The existing data is enough to:

  • Run schema validity checks (Phase 1 of staffing audit)
  • Audit PII enforcement (Phase 2)
  • Build a staffing_answers RAG corpus from scenarios + lessons (Phase 3)
  • Run replay against synthetic FillRequest payloads (Phase 4 — uses Phase 7 distillation infra)
  • Detect PRD drift between docs/PRD.md §32 claims and the actual code (Phase 5)

The data is NOT enough to:

  • Validate end-to-end fill rates without synthesizing a fill_events ledger from scenarios + lessons (gap #1 above)
  • Test the "system gets smarter over time" Phase 19 claim — would need a longitudinal replay sweep, which is post-audit work

Recommended decision tree (J to confirm):

A. Generate fill_events.parquet (deterministic script over scenarios + lessons)?
   YES → adds 44 × ~5 rows = ~220 events; audit can run candidate/job matching integrity
   NO  → audit reports "blocked: no fill-event ledger" and exits with that finding

B. Build views/{candidates,workers,jobs}_safe with PII hash-masked?
   YES → corpus rebuilds from safe views; audit can prove PII boundary respected
   NO  → audit reports "blocked: cannot prove PII masking; LLM may have seen PII"

C. Delete client_workerskjkk.parquet typo file?
   YES → cleaner inventory; reduces audit surface
   NO  → audit flags as anomaly

D. Fix workers_500k.phone type (int → string)?
   YES → join keys work
   NO  → audit reports as known data quality issue

If J approves A + B + C + D, no genuinely new synthetic data needed — only normalization of what already exists.

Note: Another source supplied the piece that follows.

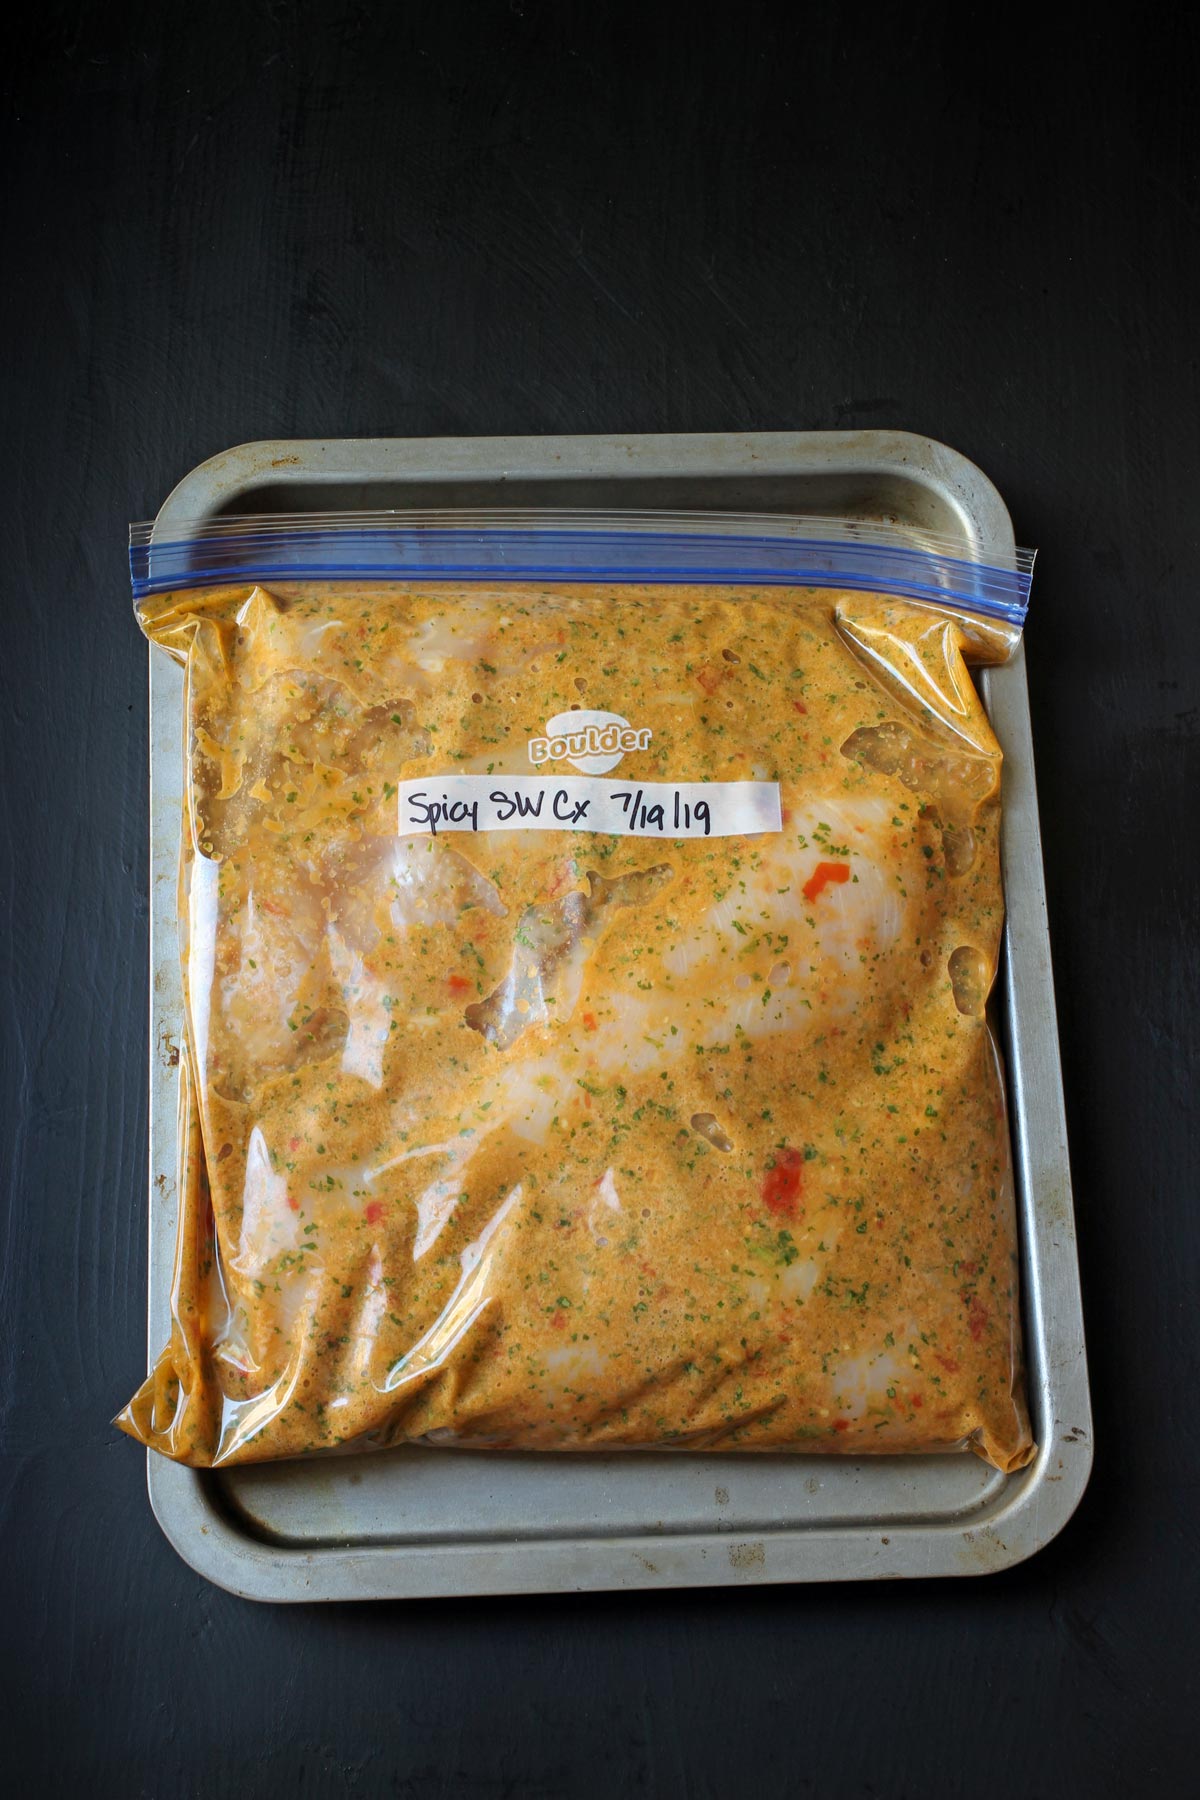 spicy chicken and marinade in ziptop freezer bag.

8. Up-front commitments before code

  1. The staffing audit, when it ships, will NOT modify the distillation v1.0.0 substrate. Verified by audit-full running clean before+after.
  2. Synthetic data modifications (gap #1 fill_events generation, gap #2 safe views, gap #3 typo deletion, gap #4 phone fixup) happen via deterministic scripts under scripts/staffing/, never by hand-edit.
  3. Every new staffing-side artifact (RAG corpus, audit report, fill_events ledger) carries provenance back to its source parquet/scenario/lesson via canonical sha256 — same pattern as distillation Phase 1.
  4. PII handling: the _safe views are the source of truth for any LLM-facing text; raw parquets stay on disk but are never the corpus build input.

9. Phase 1 readiness checklist

  • Recon doc exists (docs/recon/staffing-lakehouse-distillation-recon.md)
  • Gap report exists (this file)
  • J approves the 4 gap-fix decisions (A/B/C/D in §7)
  • J approves the audit scope (which checks ship in v1)

Implementation begins only after J's review of both docs.